Websites Complaining About Screen-Scraping

wilko11 writes "There have been two cases recently where websites have requested the removal of modules from CPAN. These modules could be used to access the websites (EuroTV and Streetmap) from a PERL program. The question being asked on the mailinglists (threads about EuroTV and about Streetmap) is 'can companies dictate what software you can use to access web content from their server?'"

14 of 432 comments (clear)

  1. In short, no. by numbski · · Score: 5, Insightful

    If you don't want your content being redisplayed on another site, place appropriate copyright and seek protections therein.

    Don't stifle the technology. Treat the cause, not the symptom.

    --

    Karma: Chameleon (mostly due to the fact that you come and go).

  2. Sure they can! by stile · · Score: 5, Interesting

    If we piss them off enough by chopping off their advertisements and snipping out their content, they'll just write their sites in Flash, or as one big image file, or some other proprietary format. That'll pretty well dictate what software you use to view their site.

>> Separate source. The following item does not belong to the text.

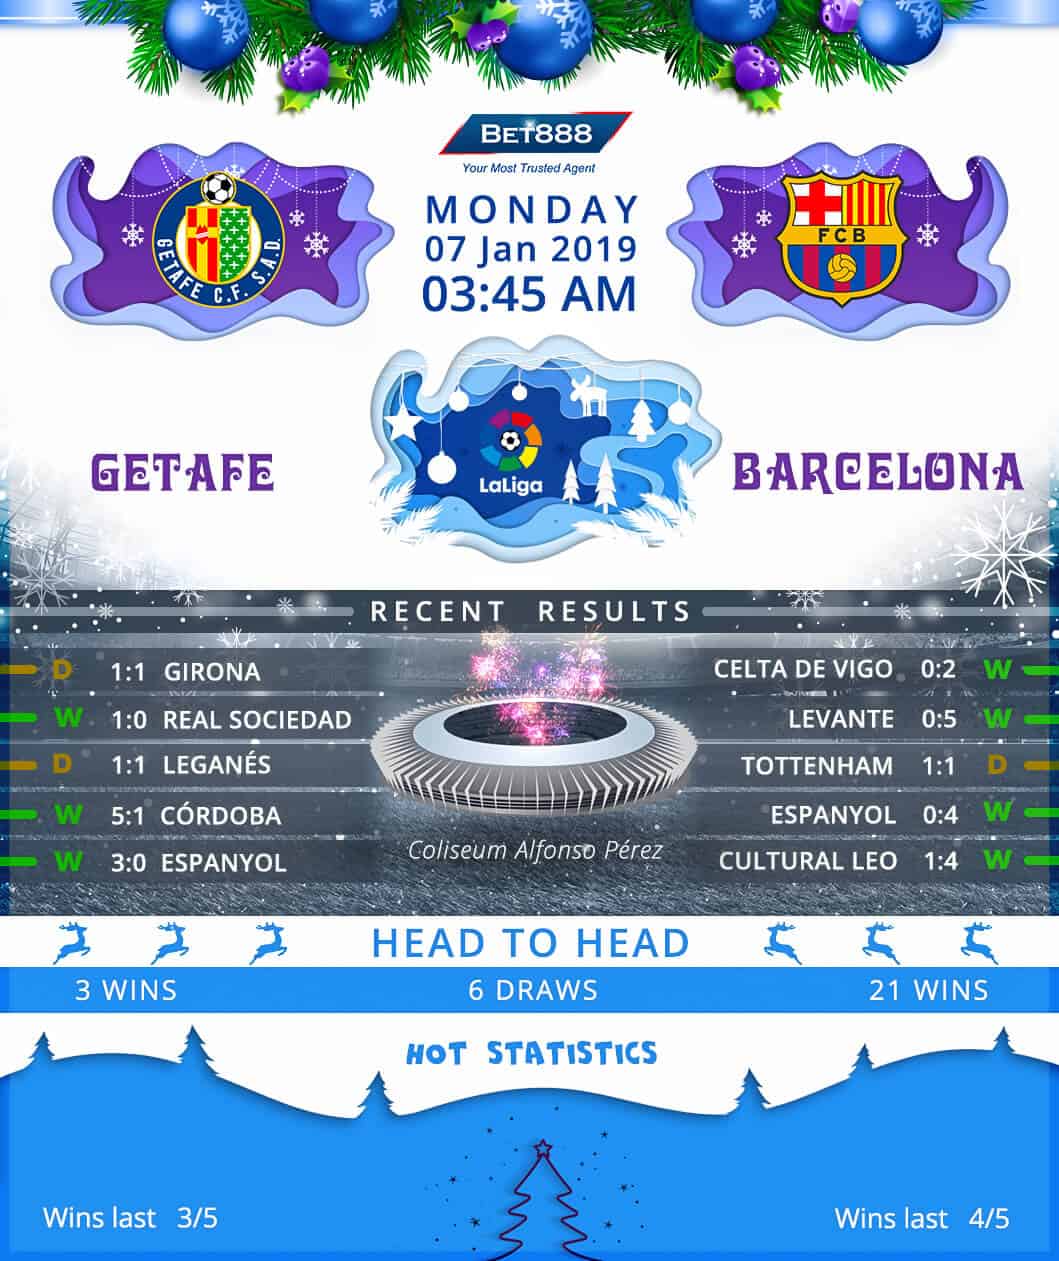 Getafe vs Barcelona 07/01/19

  3. Re-read the article... by numbski · · Score: 5, Insightful

    So far as apps are concerned, again no.

    There's no law stating that we have to look at ads. Although I see the problem paying the bills, a flaw in a business model is not the problem of the application coder (namely: me, you, and most people reading this site).

    --

    Karma: Chameleon (mostly due to the fact that you come and go).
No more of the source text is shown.